This is the only silicone T-hose that we offer, and the ports on it are ~19mm on the side and ~22mm in the middle.

*Breather Hose, 1.8T PCV Check Valve T-Hose, Reinforced Silicone*



Hope that helps!


----------



## jamal_bao (Dec 22, 2008)

that MC Valve Cover on your site has 18mm id. i think it can be stretched to 19mm and is all i need. thanks


----------



## 034Motorsport (Apr 16, 2012)

Early and Late AWP Breather Hose Kits are now back in stock and ready to ship! Thank you for those of you who have been waiting patiently for these kits! 

*Breather Hose Kit, Early MkIV Volkswagen 1.8T AWV/AWW/AWP, Reinforced Silicone*



*Breather Hose Kit, Late MkIV Volkswagen 1.8T AWP, Reinforced Silicone*


----------



## 180dan (Apr 4, 2011)

I have a kit and ddefinitely feel they are the standard for pcv hose replacement. One thing I would suggest is a plug for the "y" coming off the manifold to the brake booster. Your kinda left with an open hose output on the "y" with nothing in the kit to fill it. Most just end up deleting it with a straight piece of hose so maybe that should be included.


----------



## Yareka (Mar 5, 2002)

A 1/4"npt plug fits perfect for what you mentioned, and would complete the kit.


----------



## 034Motorsport (Apr 16, 2012)

180dan said:


> I have a kit and ddefinitely feel they are the standard for pcv hose replacement. One thing I would suggest is a plug for the "y" coming off the manifold to the brake booster. Your kinda left with an open hose output on the "y" with nothing in the kit to fill it. Most just end up deleting it with a straight piece of hose so maybe that should be included.
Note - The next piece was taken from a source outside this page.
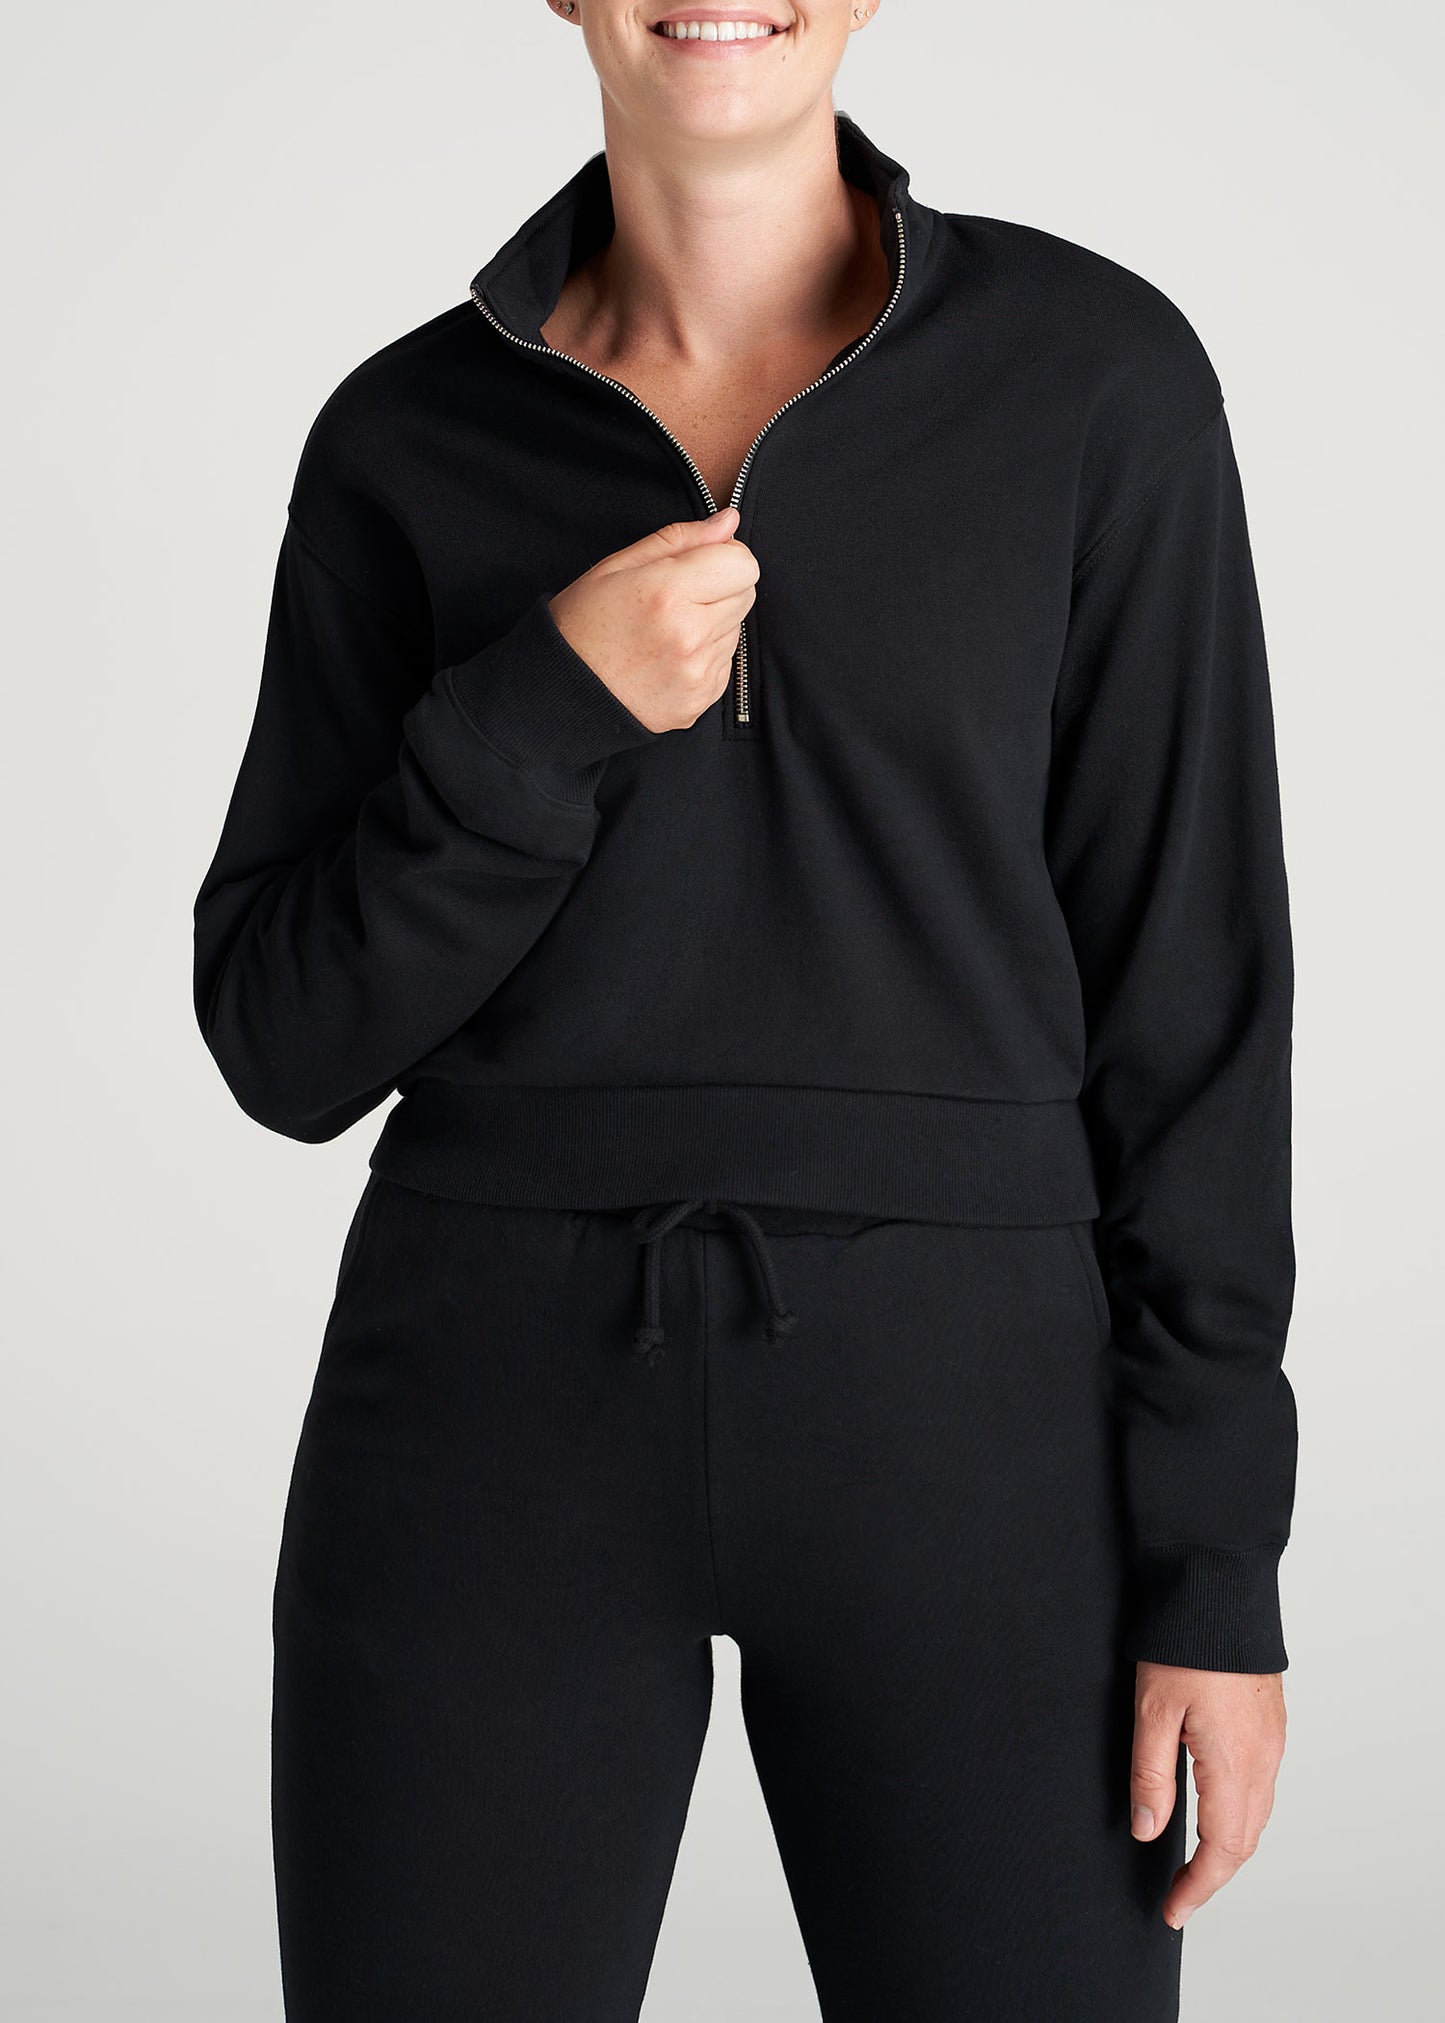 Wearever Cropped Half-Zip Women's Tall Sweatshirt | American Tall

Thank you for the suggestion! We should have a replacement hose that will suit your needs; I'll make sure it gets added to our website and linked on the hose kits ASAP. :thumbup:


----------



## tedgram (Jul 2, 2005)

Can pieces of the 1999 - 2002 Audi TT225 (8N) - AMU kit be ordered separately?


----------



## 034Motorsport (Apr 16, 2012)

tedgram said:


> Can pieces of the 1999 - 2002 Audi TT225 (8N) - AMU kit be ordered separately?


For the most part, yes! 

The Valve Cover Breather Hose is available here: http://store.034motorsport.com/breather-hose-valve-cover-audi-tt225-1-8t-amu.html

The Lower Block Breather Hose Assembly is available here: http://store.034motorsport.com/breather-hose-lower-block-breather-mkiv-1-8t-06a-aww-awp-awv-amu.html

We usually don't break the suction pump hoses apart... Were you just looking for the suction pump hoses?

Hope that helps!


----------



## GTIfreak (Mar 25, 2001)

Hoping you can help me with my question.

I bought your breather hose kit for my 2000 Golf 1.8T (AWD code). Today, I was looking around to make sure I can see where everything will connect once I take things apart under the intake manifold. While checking hoses there, I found this crack in one of the hoses:



















My question is: does your kit replace that specific hose or do I need to order this one from a dealer? I searched around trying to find a part number for it, but most searches turn up AWP engine pictures.

Thank you.


----------



## Lehmann108 (Oct 1, 2007)

No, that's a dealer part. The 034 Motorsport replaces the hoses in the PCV system only. I believe that is a vacuum line; part of the brake booster.


----------



## GTIfreak (Mar 25, 2001)

Lehmann108 said:


> No, that's a dealer part. The 034 Motorsport replaces the hoses in the PCV system only. I believe that is a vacuum line; part of the brake booster.


Thank you. 
Actually, that hose is not connected to the brake booster line, but after some searching I found that it goes from the suction jet pump to the PCV valve. 
So, I guess I need to find a replacement for it separately from my 034 kit?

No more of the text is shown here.